In machine learning the concept of categorizing days is simple, is it Sunday? Yes, great then you’re 1 and everyone else is zero. Is it Monday? Then monday is 1 and everything else is zero. This approach has a problem: what is the difference between a Sunday and a Monday? Well, you work on one and not on the other. Right? Sort of. What if the Monday is a public holiday? Even Google Maps says it doesn’t take into account public holidays. Whoops. Here we have another issue: what if the Tuesday is the public holiday? Well, then the Monday may be flying at half mast and is thus not a normal Monday but not quite a public holiday. Also, the Wednesday, Thursday and Friday are also not normal.

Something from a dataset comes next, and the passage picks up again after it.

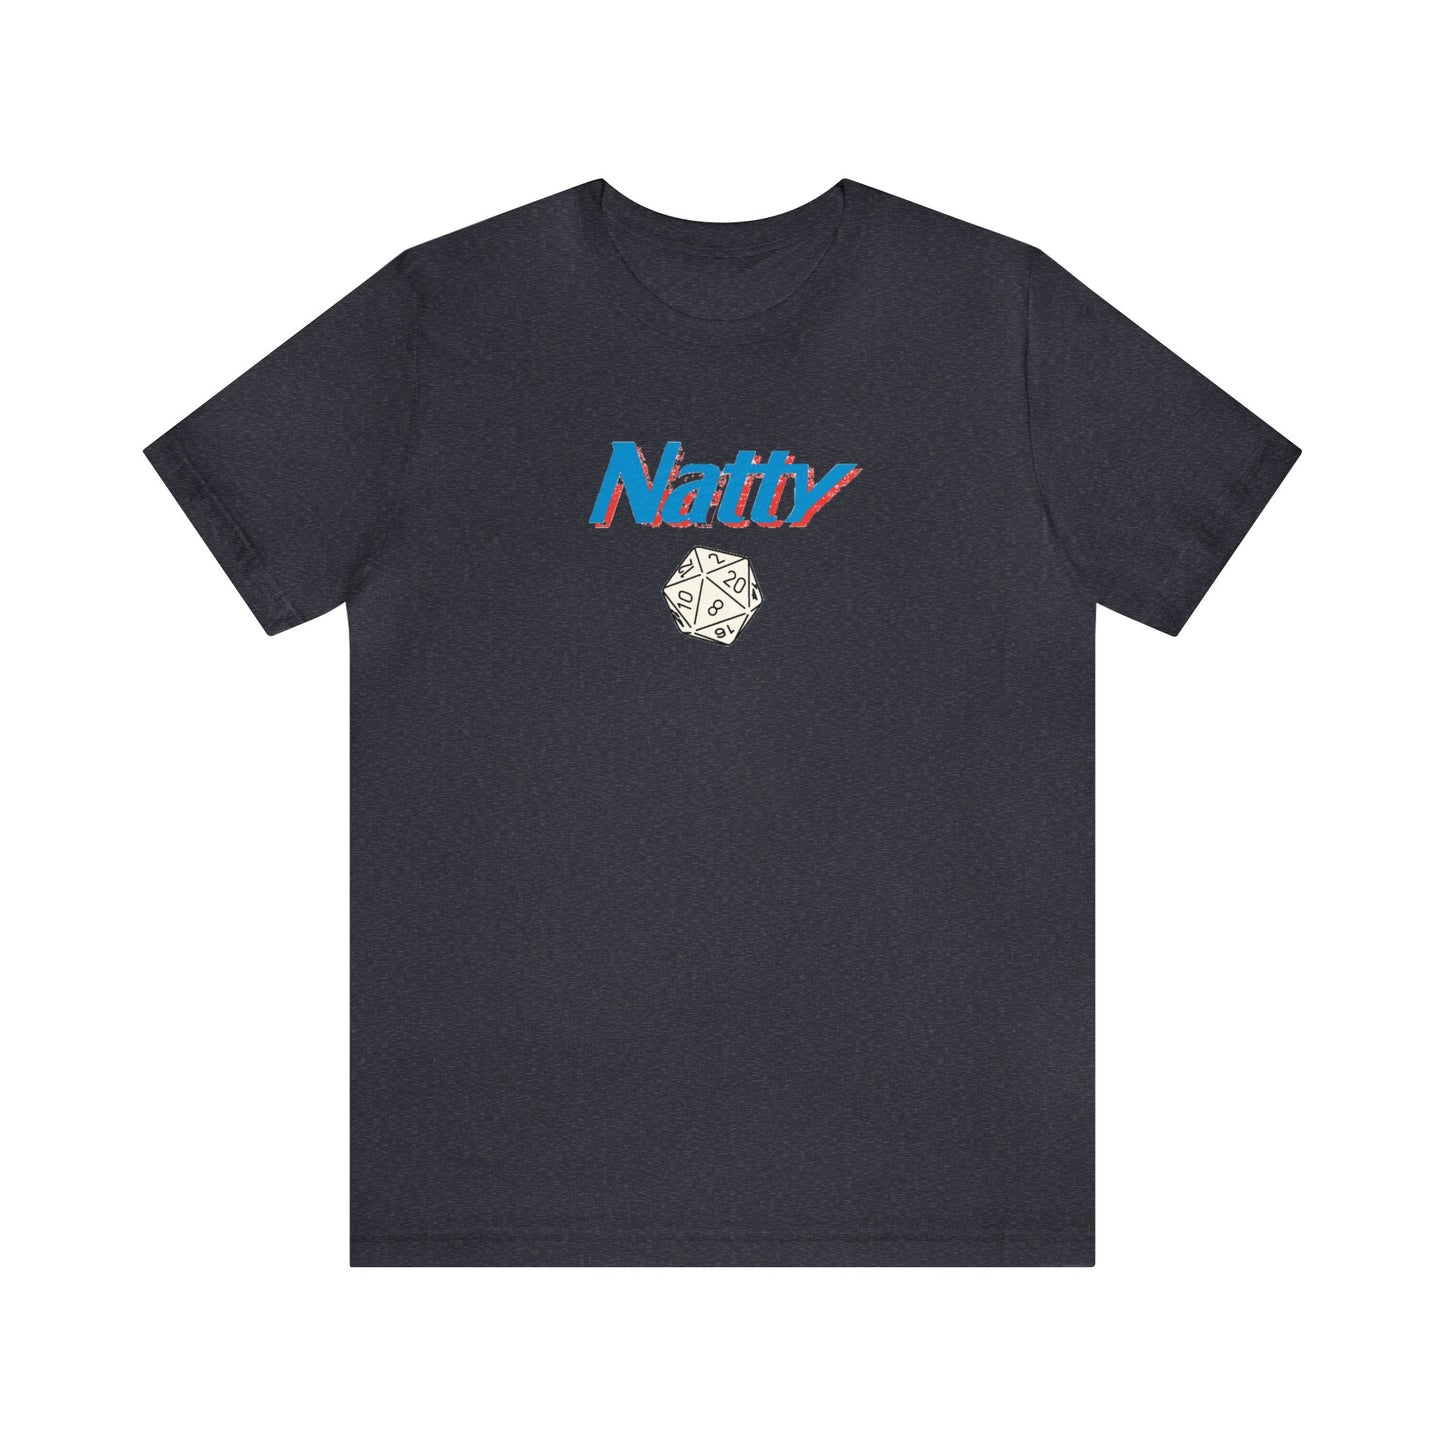 Natty 20 Unisex Jersey Short Sleeve Tee

I had a quick pass at this problem a while back and came up with a reasonable (and I’ll agree not perfect) way to measure the day rather than categorise it. This means I can infer traffic and sales based on what type of day it is rather than the day of the week. The model works for the Monday to Friday 8-5 workers, so you’d need to check if that works for you.

So, firstly we calculate whether it is a work day or not. It is a work day if it is monday to friday and not a public holiday. It is a public holiday if it is a gazetted public holiday on a fixed date (New Years day, Youth Day etc.) or it is the Friday before Easter Sunday or the Monday after Easter Sunday as allocated by the Catholic Church. This gives you a good distribution of ones and zeros. We’re already better than Google because we can say public holiday or not. Next, people are more likely to take a Monday off if the preceding Friday is a public holiday and almost guaranteed to the Tuesday is a public holiday. It’s like we’ll forget all our work if we work on those days. If the Wednesday is a public holiday some people will take the first two days (Monday and Tuesday) and some will take the last two days (Thursday and Friday). So what we can now do is score a day as follows (and the values are arbitrary but consistent):

If the day is a non-work day, add 1. If day day directly preceding it or succeeding it is a non-work day add 1/1.25 (arbitrary divisor). Continue this boundary calculation to 5 days either side (Saturday will always be next to Sunday and vice versa so the week in the middle of a normal set of three weeks will have a Saturday and Sunday score of 1.8 and a weekday score below 1.8. If there are public holidays around the weekday score creeps up, as does the weekend score. This means that you can start predicting performance against nobody is going to be around Monday and everyone is at work Wednesday by using a continuous measure for the kind of day rather than a week day. Here is a screen shot of the easter period 2015-2035 to show how this can be done, (2018 and 2027 are going to have long early breaks) and why April is almost always a write-off in South Africa.

Part 2:

So I accidentally put this in BigQuery and Tableau (well, because I could) and started slicing the data around. I noticed the best way to explain to the English sales folk who hound us in April that April is a throwaway month. Here is the same data aggregated for 40 years showing the worst case leave scenario. Keep in mind these can be used for sales (FMCG for the coastal regions will spike over leave periods, FMCG for inland will tend to dip) and various other scenarios.

23 Sep

Markov Chains

So I have been doing a fair amount of work on Markov Chains.  They are really cool for modelling of random process. Earlier this year I wrote a program that would take a book (it was the “Starship Titanic” by Douglas Adams) and convert it into a JSON stored Markov chain. All it did is said if the current word is this, the next word will probably be that. The really interesting component here is that if you fed it enough text and then ignored/hashed the words, you would be left with a data structure that would be a fingerprint of the author/language/time period which could then be matched to other bodies of work/languages/time periods. Think about it . . . you would be able to identify text’s authors or date it was written or the language purely based on the structure and not necessarily the words.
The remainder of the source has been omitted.